A city’s transportation department believes that cars arrive at a toll booth in the following proportions: 25% compact, 45% midsize, 30% SUV. A random sample of 160 cars is classified. A chi-square goodness-of-fit test is conducted for $H_0$: the population distribution matches the stated proportions versus $H_a$: it does not. The p-value from the test is 0.41. The observed and expected counts are shown. What conclusion is appropriate at the $\alpha=0.05$ level?
Fail to reject $H_0$ because the p-value is greater than 0.05; there is not convincing evidence the population distribution differs from the stated proportions.
Reject $H_0$ because the p-value is less than 0.05; there is evidence the sample distribution must match the stated proportions.
Conclude the stated proportions are exactly correct in the population because the sample size is large.
Reject $H_0$ because the p-value is greater than 0.05; there is convincing evidence the distribution differs from the stated proportions.
Fail to reject $H_0$ because the p-value is less than 0.05; there is evidence the population distribution matches the stated proportions.
Explanation
This question assesses interpretation of chi-square test results when we fail to reject the null hypothesis. The p-value of 0.41 is greater than α = 0.05, so we fail to reject H₀. This means we don't have convincing evidence that the population distribution differs from the stated proportions (25% compact, 45% midsize, 30% SUV). Choice A incorrectly states we reject when p > 0.05. Choices C and D confuse the decision rule by mixing up when p < 0.05 versus p > 0.05. Choice E makes an incorrect absolute claim about the population. Key concept: failing to reject H₀ doesn't prove H₀ is true; it means we lack evidence to conclude it's false.
A manufacturer claims defects in its products fall into 4 categories with proportions 0.40 cosmetic, 0.30 packaging, 0.20 functional, 0.10 labeling.
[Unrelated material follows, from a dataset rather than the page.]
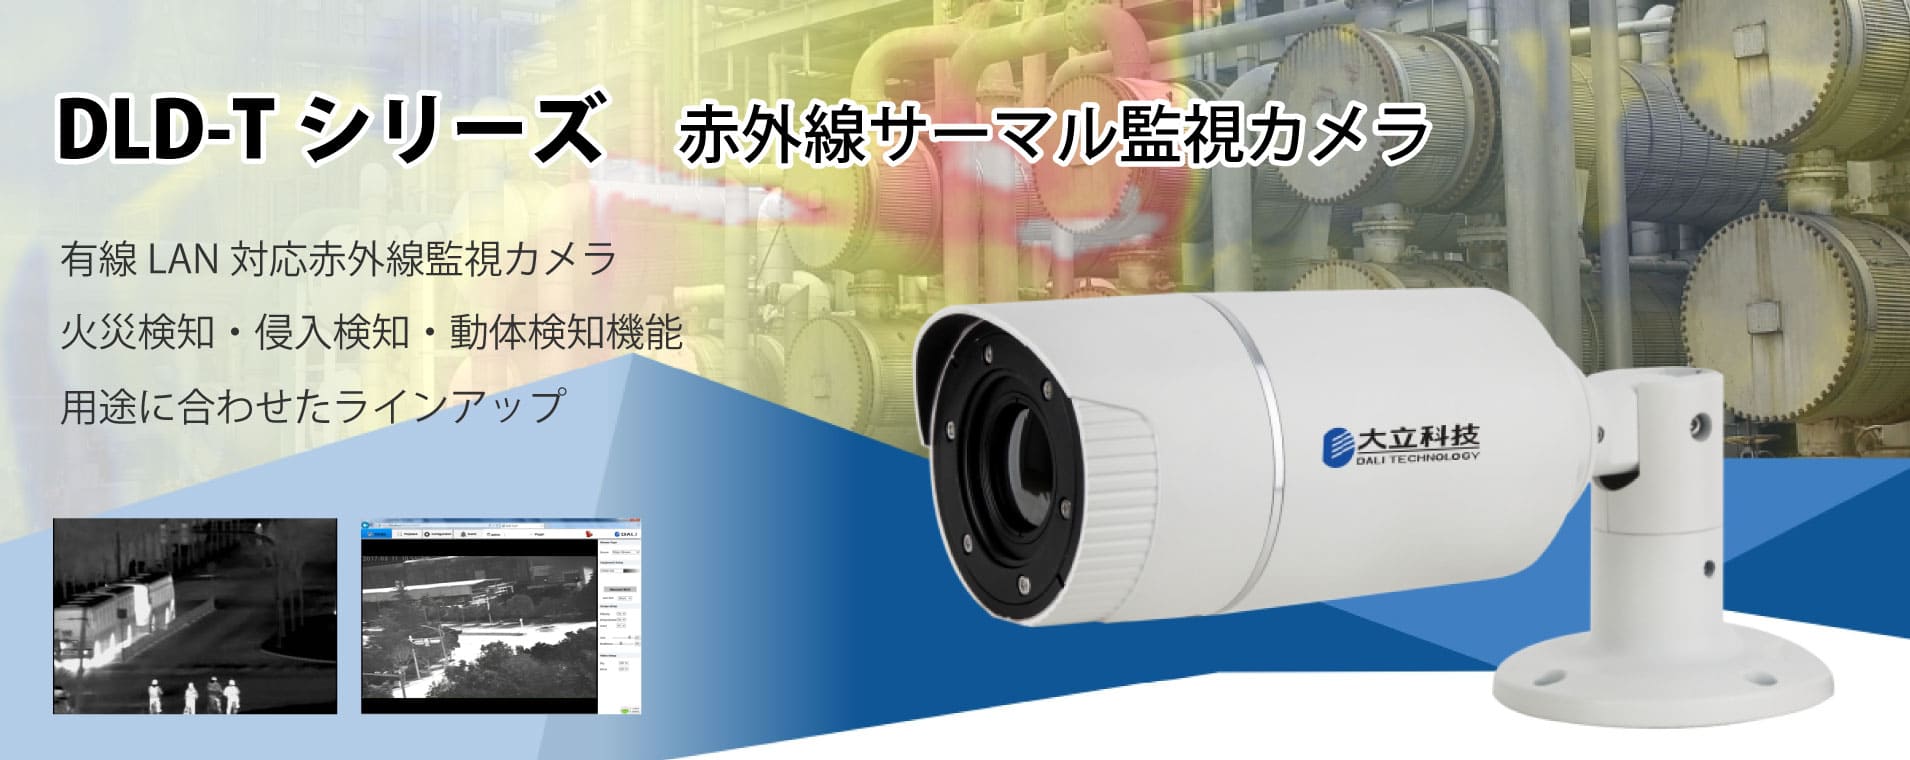 熱画像監視ネットワークカメラ DLD-TXXシリーズ

A quality-control team inspects a random sample of 100 defective products and performs a chi-square goodness-of-fit test of $H_0$: the population defect-category proportions match the claim versus $H_a$: they do not. The p-value is 0.001. The observed and expected counts are shown. What conclusion is appropriate at the $\alpha=0.05$ level?
Reject $H_0$ because the p-value is 0.001; there is evidence the population defect-category distribution differs from the claimed proportions.
Fail to reject $H_0$ because the p-value is less than 0.05; there is evidence the claimed proportions are correct.
Reject $H_0$ because the p-value is 0.001; therefore 0.40/0.30/0.20/0.10 must be the true distribution in the population.
Because the sample includes only defective products, a goodness-of-fit test cannot be used.
Fail to reject $H_0$ because the p-value is 0.001; there is insufficient evidence of a difference.
Explanation
This quality control problem involves a very small p-value. With p-value = 0.001 << α = 0.05, we strongly reject H₀. This provides convincing evidence that the population defect-category distribution differs from the manufacturer's claimed proportions. Choice A incorrectly fails to reject when p is extremely small. Choice C overstates the conclusion by claiming we've found the "true" distribution. Choice D has both the wrong decision and interpretation. Choice E incorrectly suggests the test is invalid for defective products. Key insight: very small p-values provide strong evidence against H₀, but rejecting H₀ doesn't tell us what the true distribution is.